The Surge: A Military History
- Author: Kimberly Kagan
- Language: English
- Subject: Iraq War troop surge of 2007
- Genre: Nonfiction: Military history
- Publisher: Encounter Books
- Publication date: October 2008
- Publication place: United States
- Media type: Hardcover
- Pages: 282
- ISBN: 978-1-59403-249-3
- OCLC: 227030629
- Dewey Decimal: 956.7044/342 22
- LC Class: DS79.76 .K33 2009

= The Surge: A Military History =

The Surge: A Military History is a military history by Kimberly Kagan about the Iraq War troop surge of 2007. The book describes events in Iraq starting from late 2006, before the surge, to early 2008, focusing on the details of military operations on a week by week basis. It was described as "indispensable guide" to the understanding of American military successes in Iraq by Senator John McCain.

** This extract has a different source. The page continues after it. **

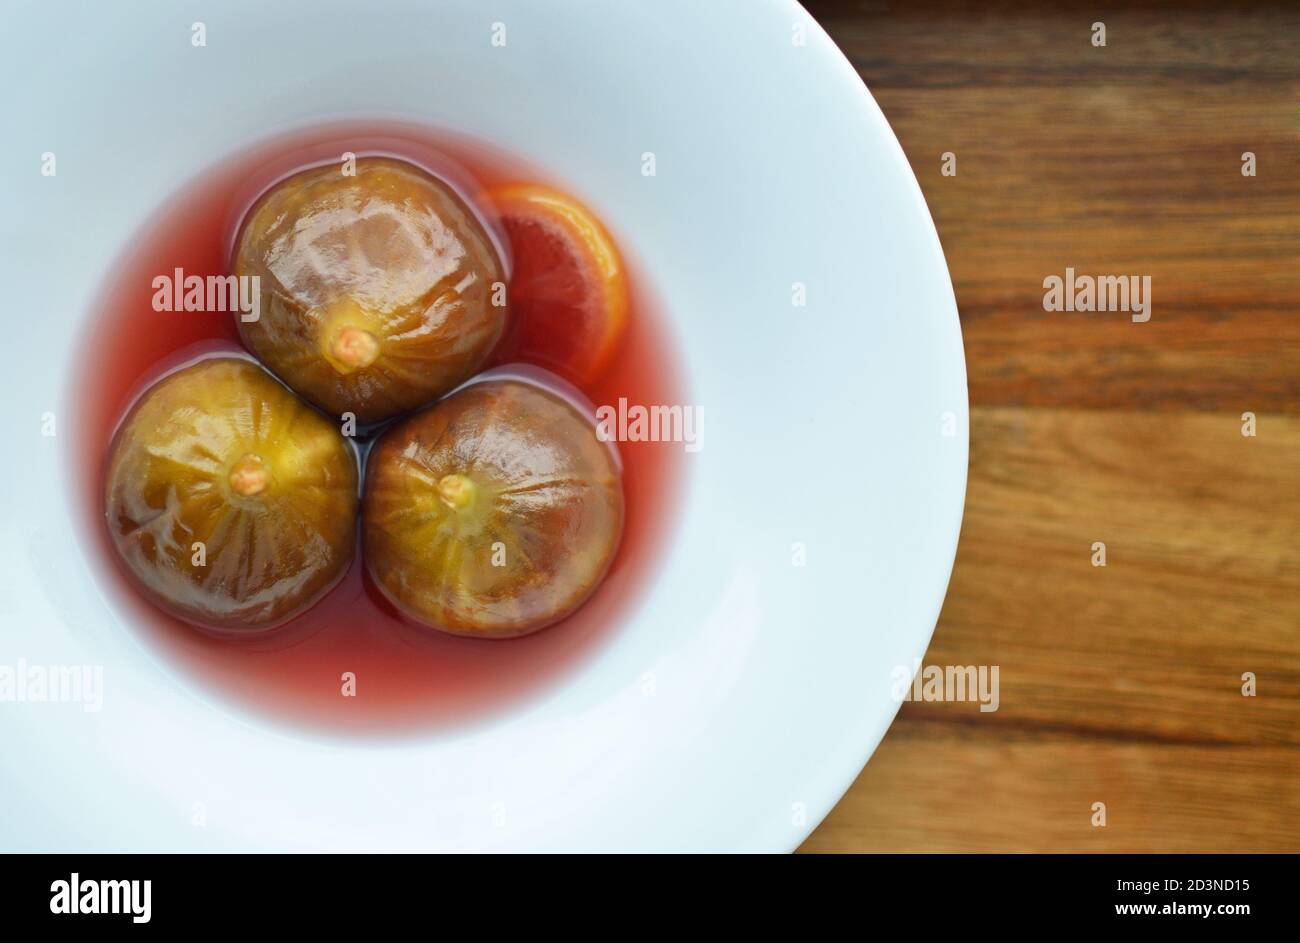 Top view shot of figs in syrup dessert Stock Photo

The book focuses on "operational art" rather than grand strategy or the personal emotional experiences of combat. The book devotes separate chapters to operations in different areas, proceeding in an approximately chronological fashion, giving attention to operations conducted at the brigade and battalion level, as well as decisions undertaken at higher levels such as those by General Odierno in Operation Phantom Thunder.

Although the book was marred by stylistic and grammatical errors, it was considered by reviewers to be "essential reading" and a "valuable resource" for military professionals, although one reviewer warned that it was not for the casual reader. It was criticized for not giving attention to the role of new technologies in tracking operations as they unfolded.